В голосе Густава звучало явное отчаяние. Мартин попытался вспомнить картины, которые он видел осенью и весной. Судя по всему, Густав продолжал заниматься этими его неопрятными натюрмортами и пробовал писать портреты.
– А что в них, собственно, плохого?
Динь-динь, упал в бокалы лёд.
Густав вытащил бутылку виски.
– Отсутствие идеи, – ответил он. – Работы есть. А идеи нет.
– Что ты подразумеваешь под идеей? – строго спросил Мартин, в конце концов, философ у них он.
Взгляд Густава выражал раздражение и отчаяние.
– У других всегда столько мыслей о том, что они хотят сказать своими работами, – произнёс Густав. – А у меня их вообще нет.
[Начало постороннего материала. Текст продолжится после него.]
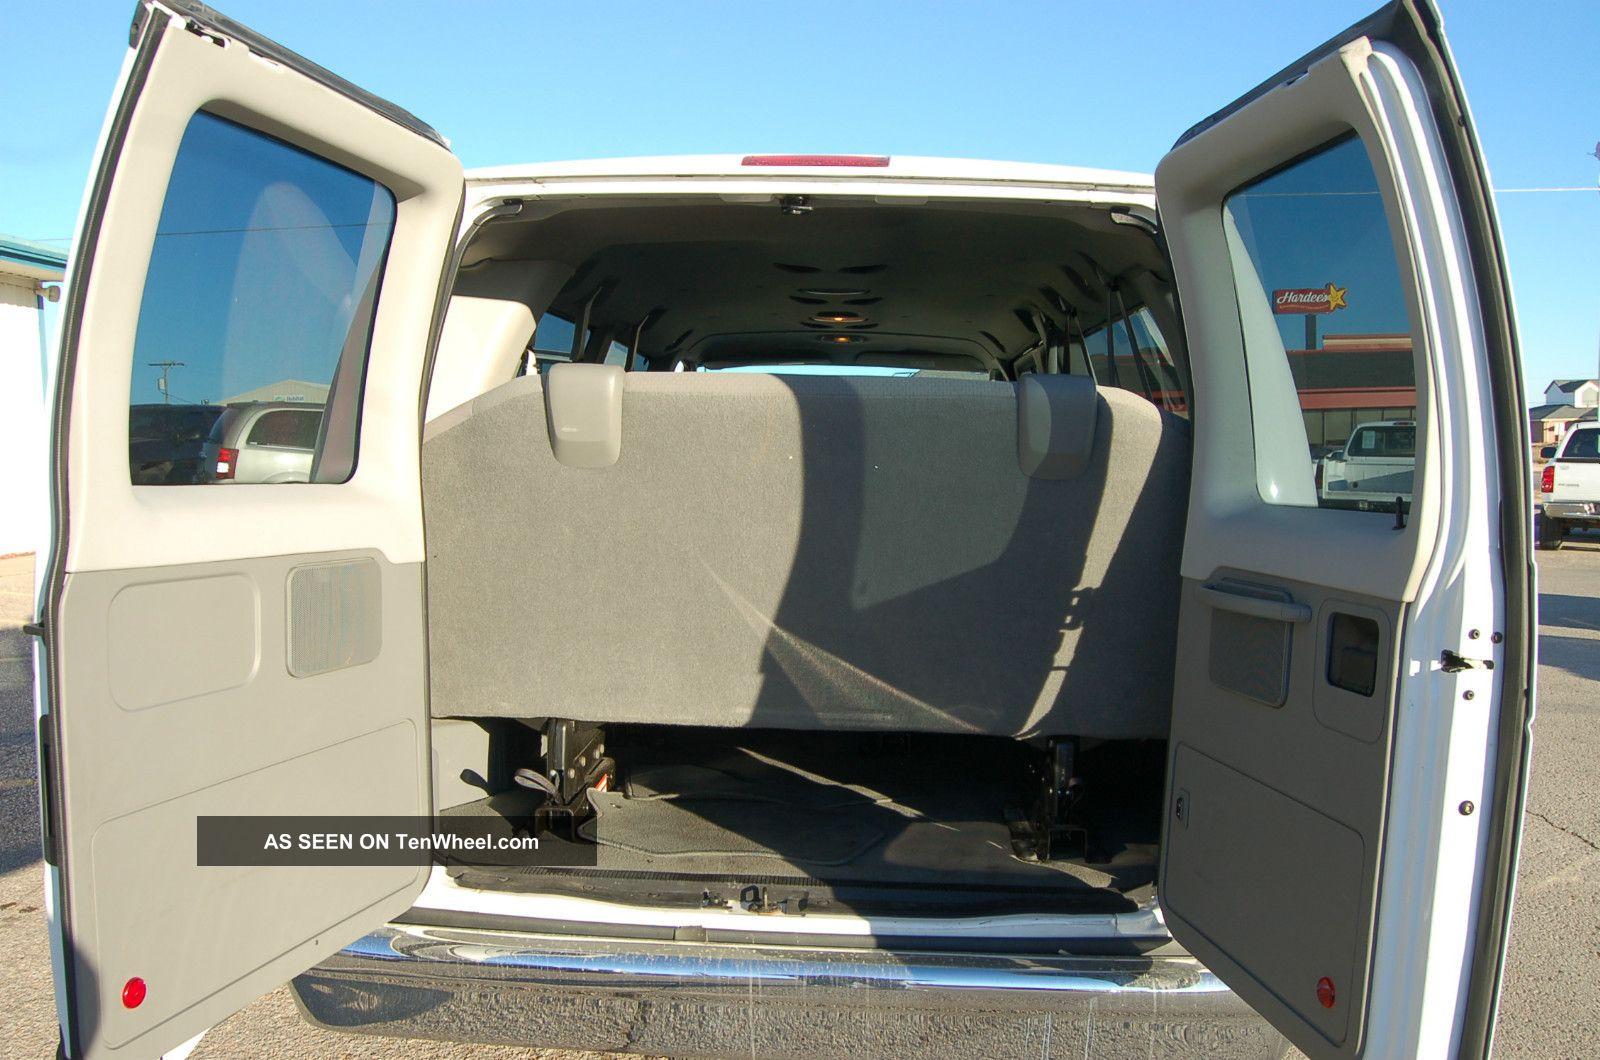 2010 ford e350 xlt sd ext wagon xlt 15 passenger van. Black Bedroom Furniture Sets. Home Design Ideas

Я просто рисую.
– И в чём здесь проблема?
– Я не знаю, что отвечать, когда спрашивают, «что я намерен исследовать» и всё такое. – Он закурил, хотя Андерс требовал, чтобы в квартире не курили, якобы потому что у него астма. На всякий случай Мартин открыл окно.
– И мне не надо было перерисовывать эти фотографии. Теперь все спрашивают: «Ты хочешь работать, опираясь на фото?» В первый раз я ответил, что это проще, чем притащить сюда стол, заставленный бутылками, а они начали смеяться и решили, что я валяю дурака или шучу. А потом снова спросили… Я думаю, может, мне всё переделать без фотографий…
– Ты не успеешь.
– Ты только что сказал, что у меня куча времени.
– Чтобы закончить – да, но не чтобы начать всё сначала.
Густав какое-то время сидел молча. Потом сказал, что Мартину лучше самому посмотреть, что у него получилось, и, кстати, в Валанде был, как всегда, праздник.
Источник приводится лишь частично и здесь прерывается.